**SOURCE DATA:**
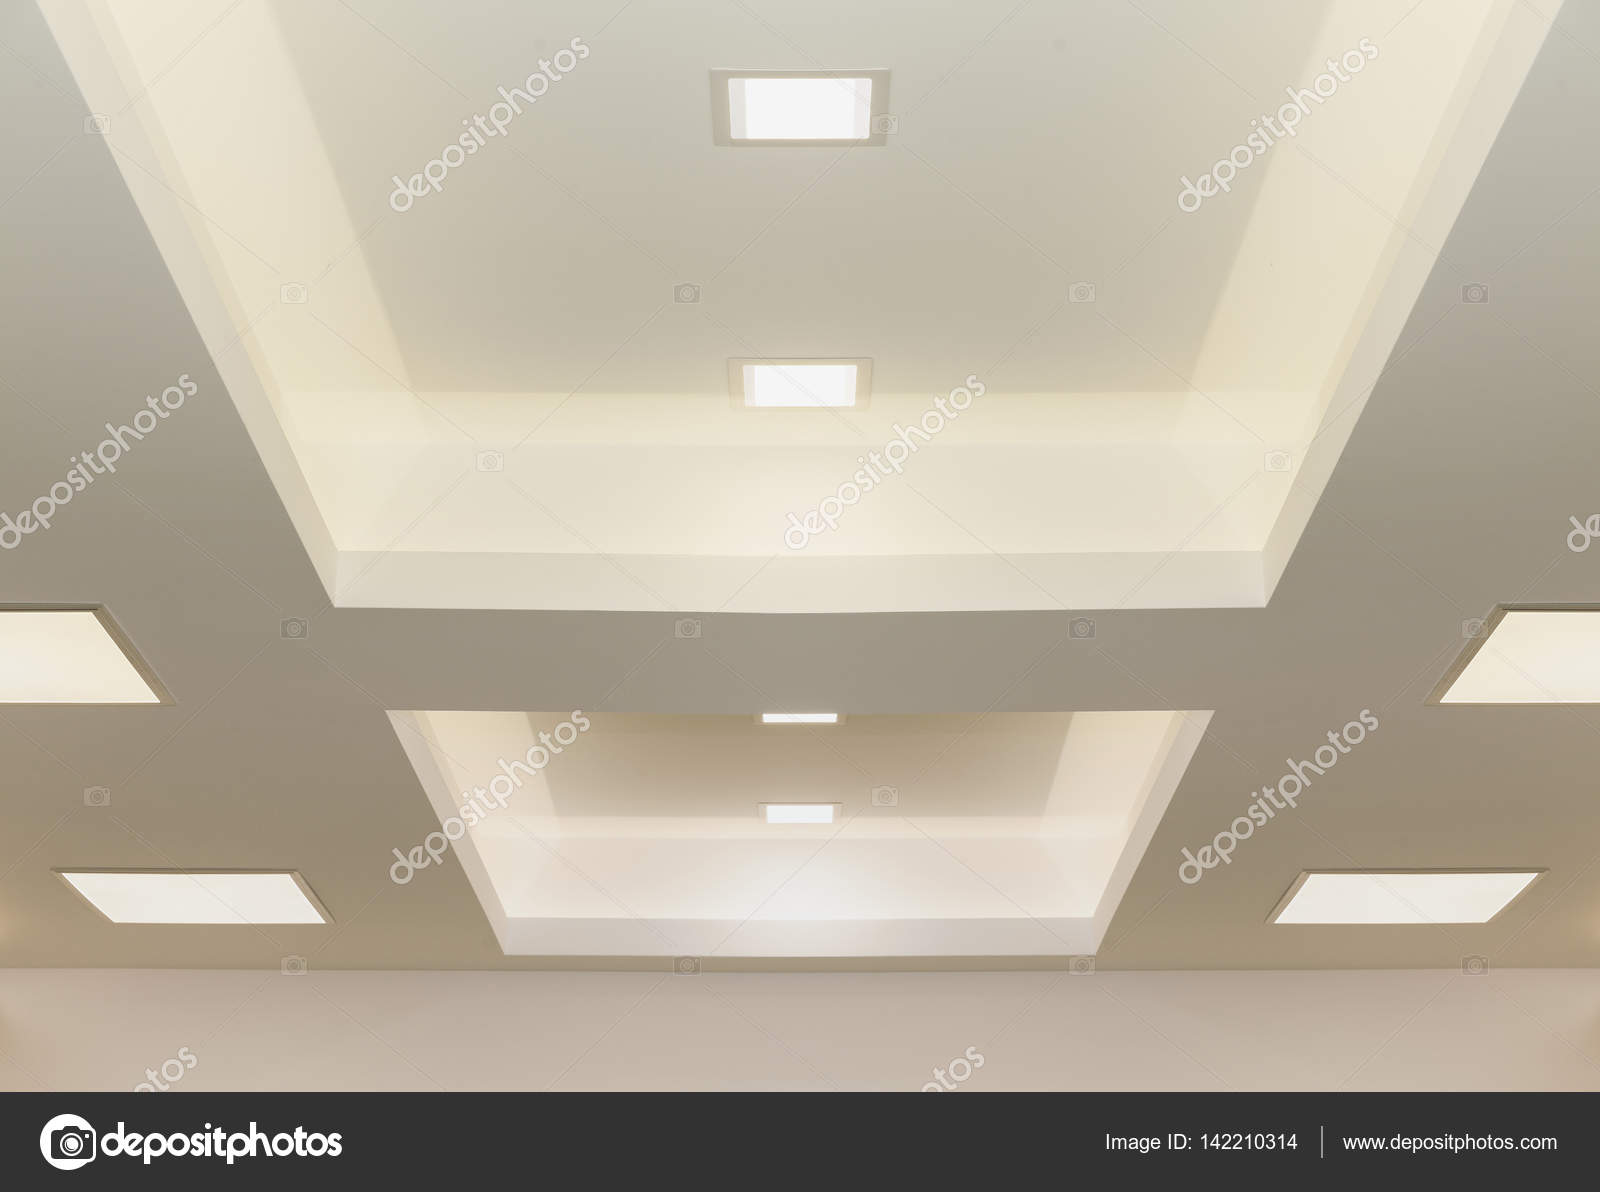 moderne plafond verlichting — Stockfoto © DJSrki #142210314
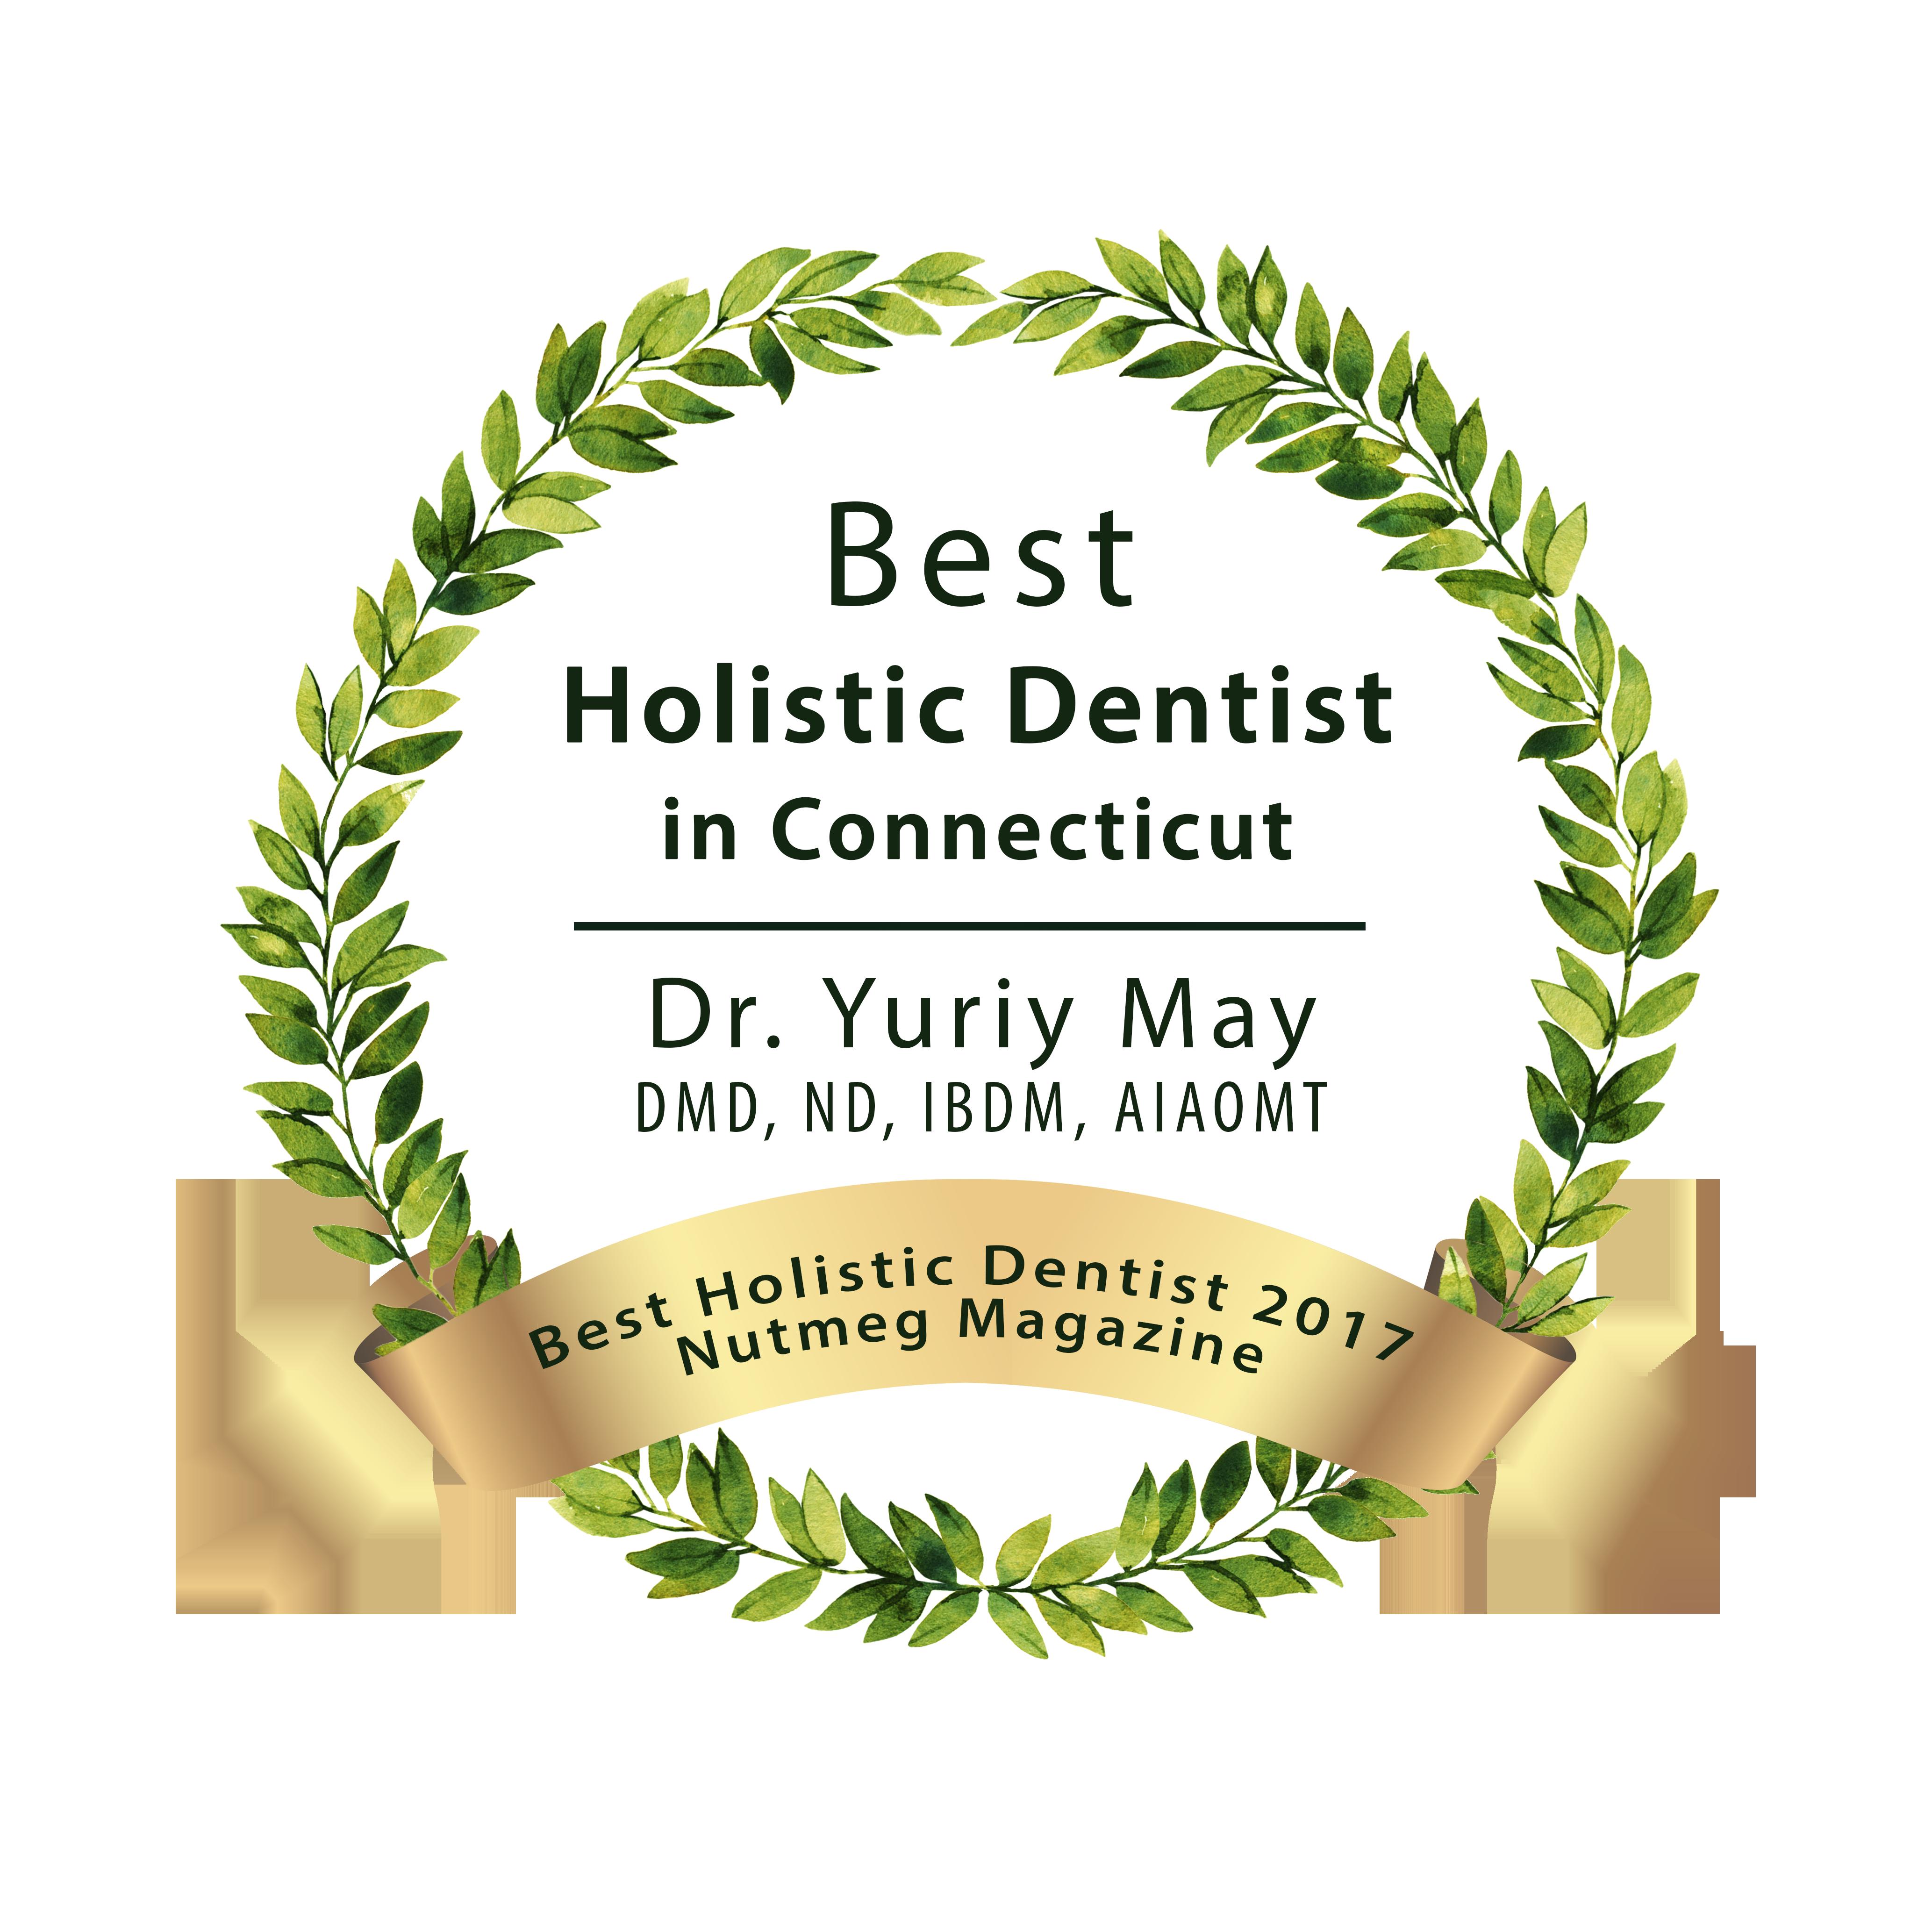 Best Holistic Dentist USA Best Biological Dentist USA Dr. Yuriy May Natural Dentistry Center NY CA CT UT TX FL NC OH MA VT RI
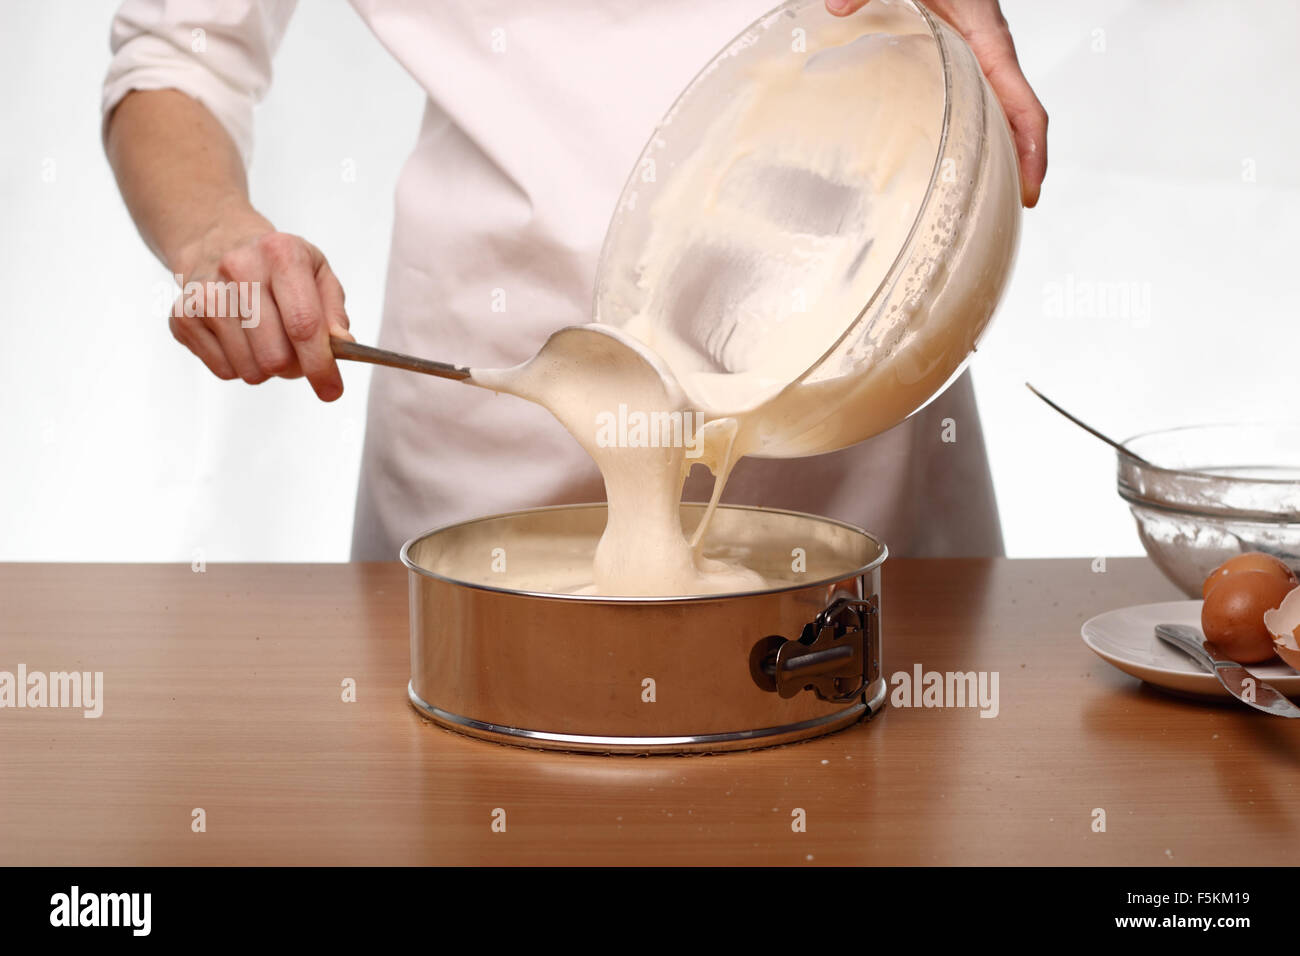 Making Pound Cake Into Cupcakes

**TASK STATEMENT:**
Would you print all of the material exactly as written, minus the pictures?

**ANSWER BOX:**
 moderne plafond verlichting — Stockfoto © DJSrki #142210314
 Best Holistic Dentist USA Best Biological Dentist USA Dr. Yuriy May Natural Dentistry Center NY CA CT UT TX FL NC OH MA VT RI
 Making Pound Cake Into Cupcakes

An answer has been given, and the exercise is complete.